→ Problem description
Please give the whole listing again exactly, without any of its pictures.

→ Data
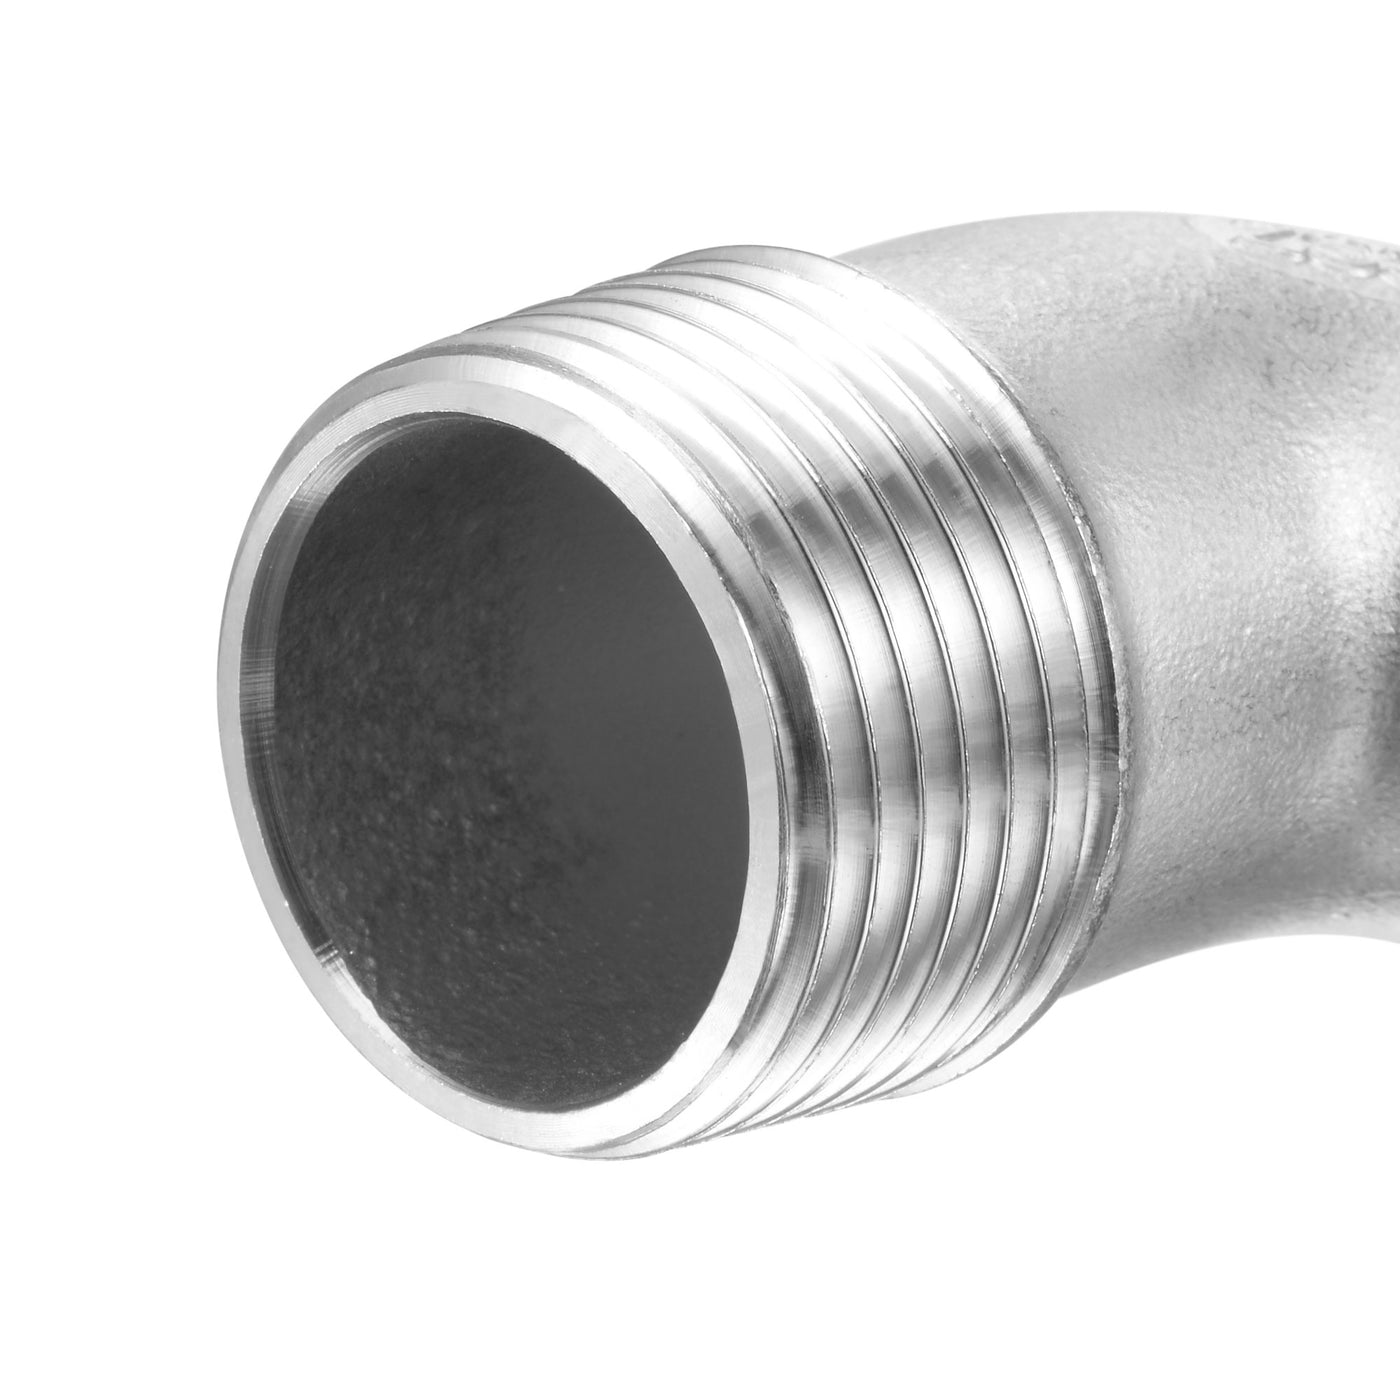 Uxcell Uxcell Stainless Steel Hose Barb Fitting Elbow 25mm x G1 Male Pipe Connector
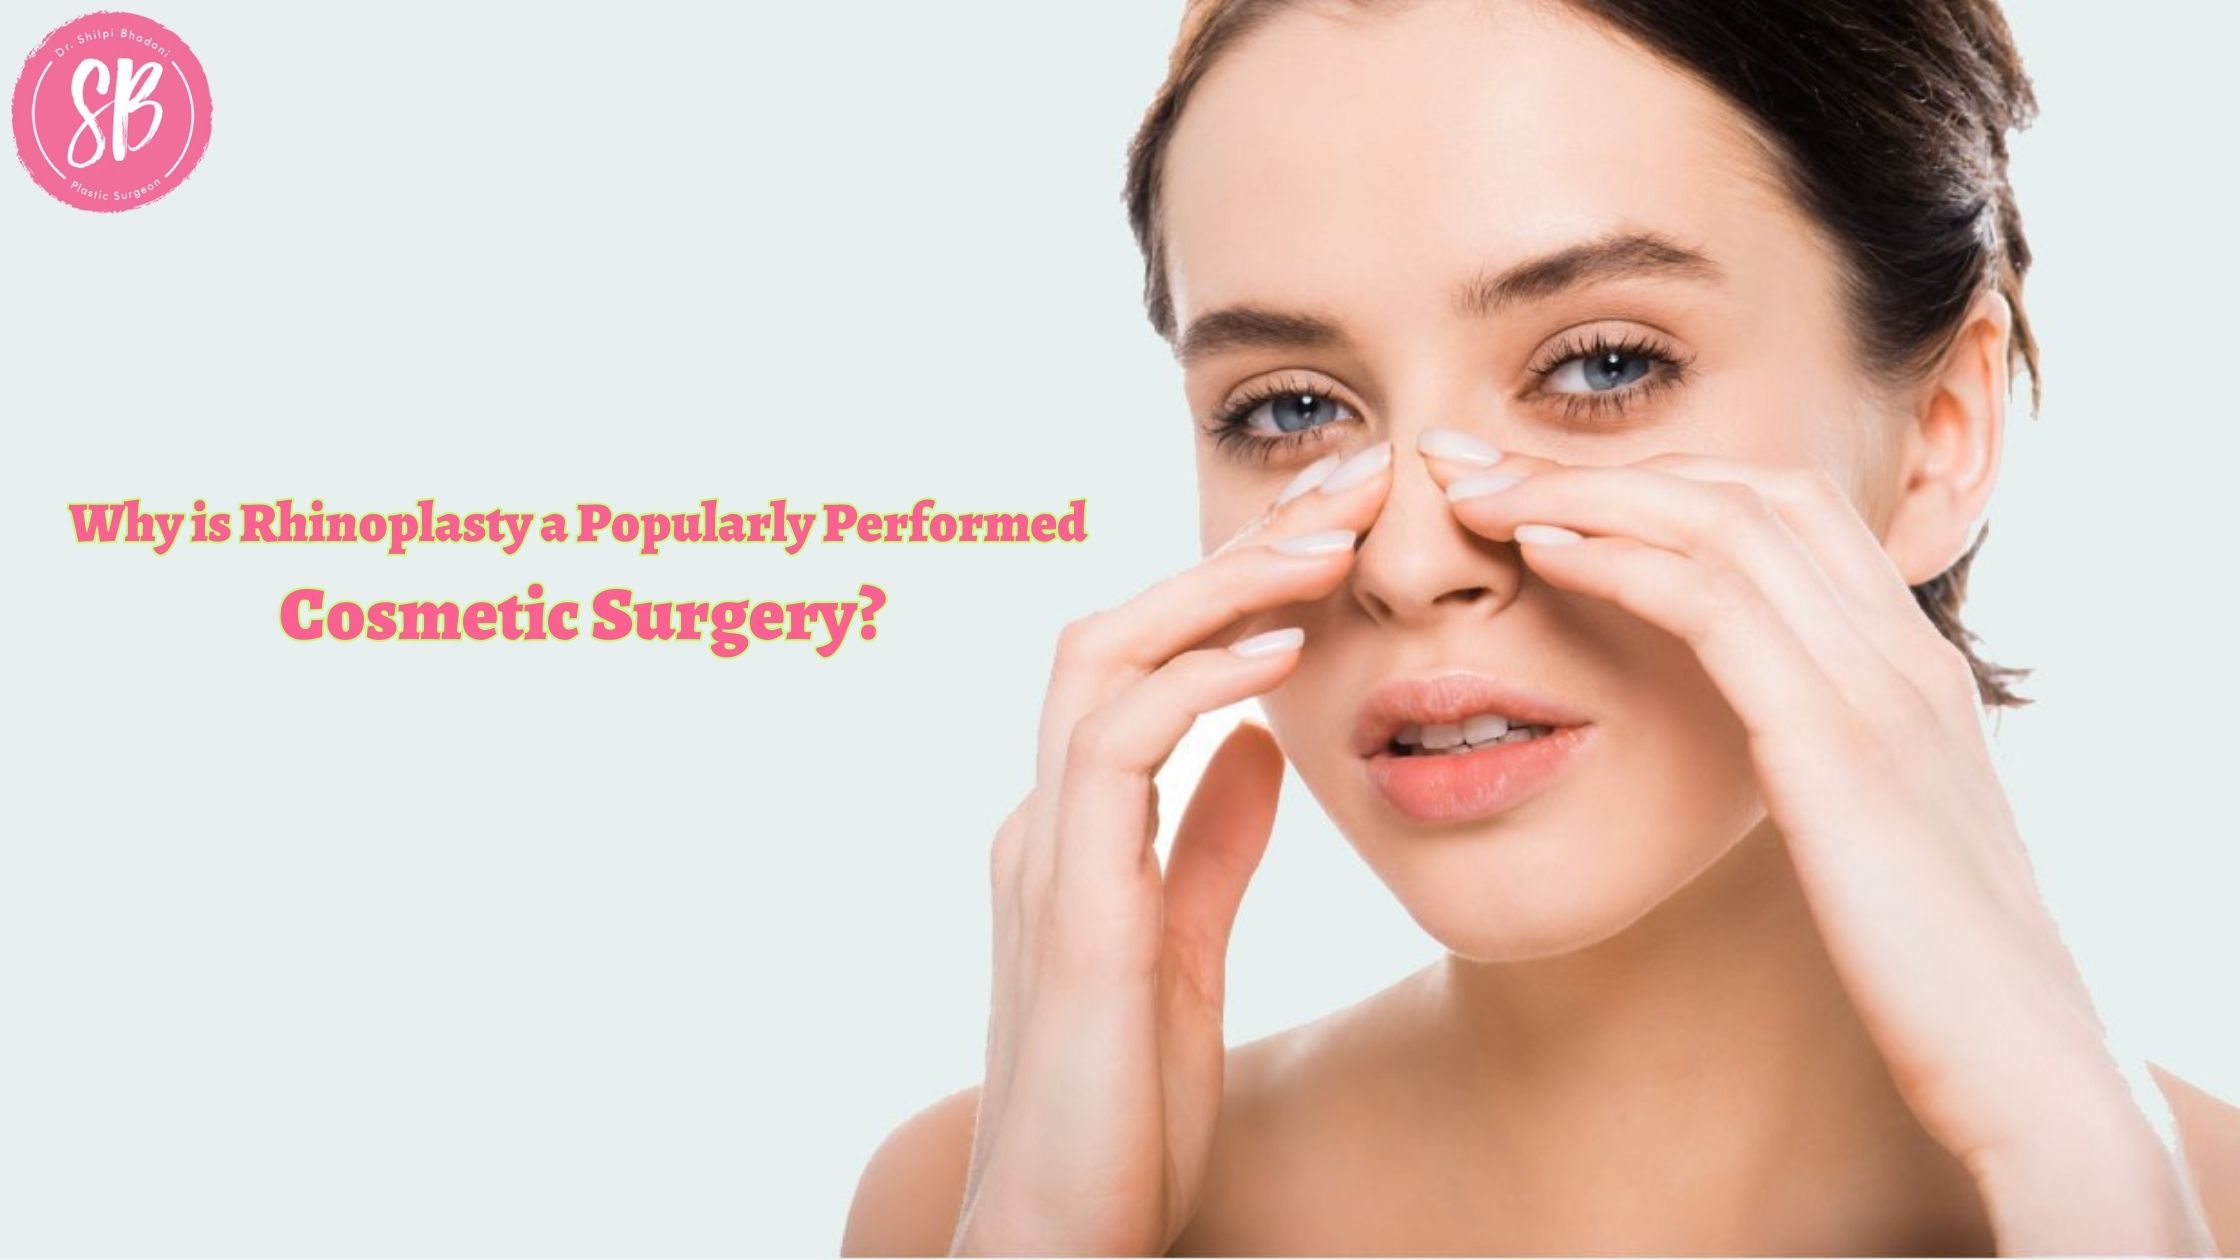 Why is Rhinoplasty a Popularly Performed Cosmetic Surgery
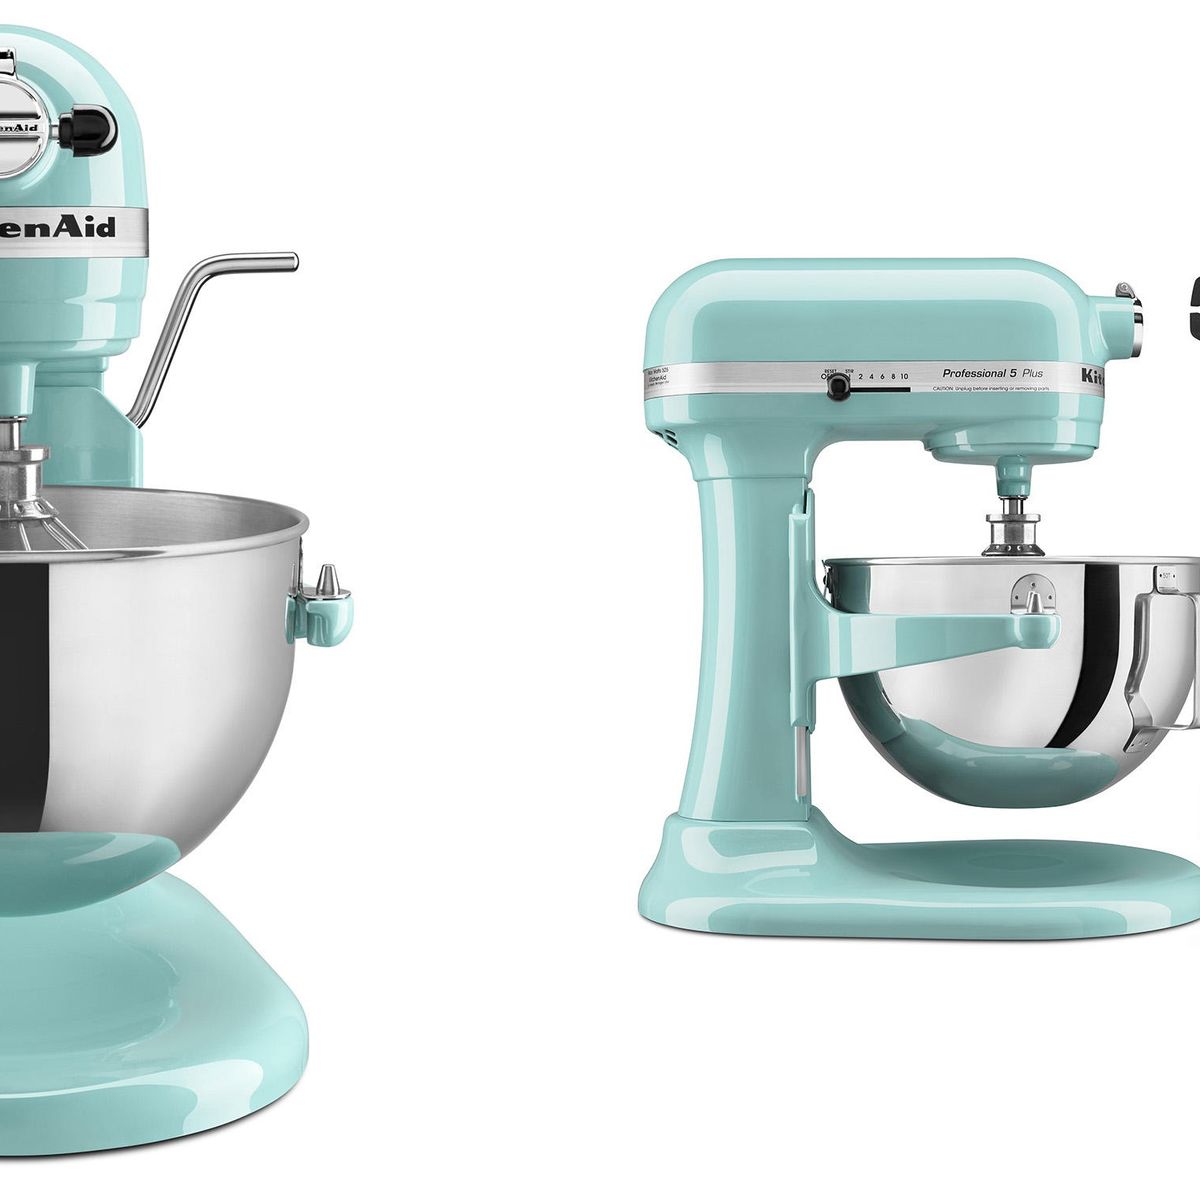 Sam's Club Is Selling A KitchenAid Baker's Bundle For $70 Off

→ Solution
 Uxcell Uxcell Stainless Steel Hose Barb Fitting Elbow 25mm x G1 Male Pipe Connector
 Why is Rhinoplasty a Popularly Performed Cosmetic Surgery
 Sam's Club Is Selling A KitchenAid Baker's Bundle For $70 Off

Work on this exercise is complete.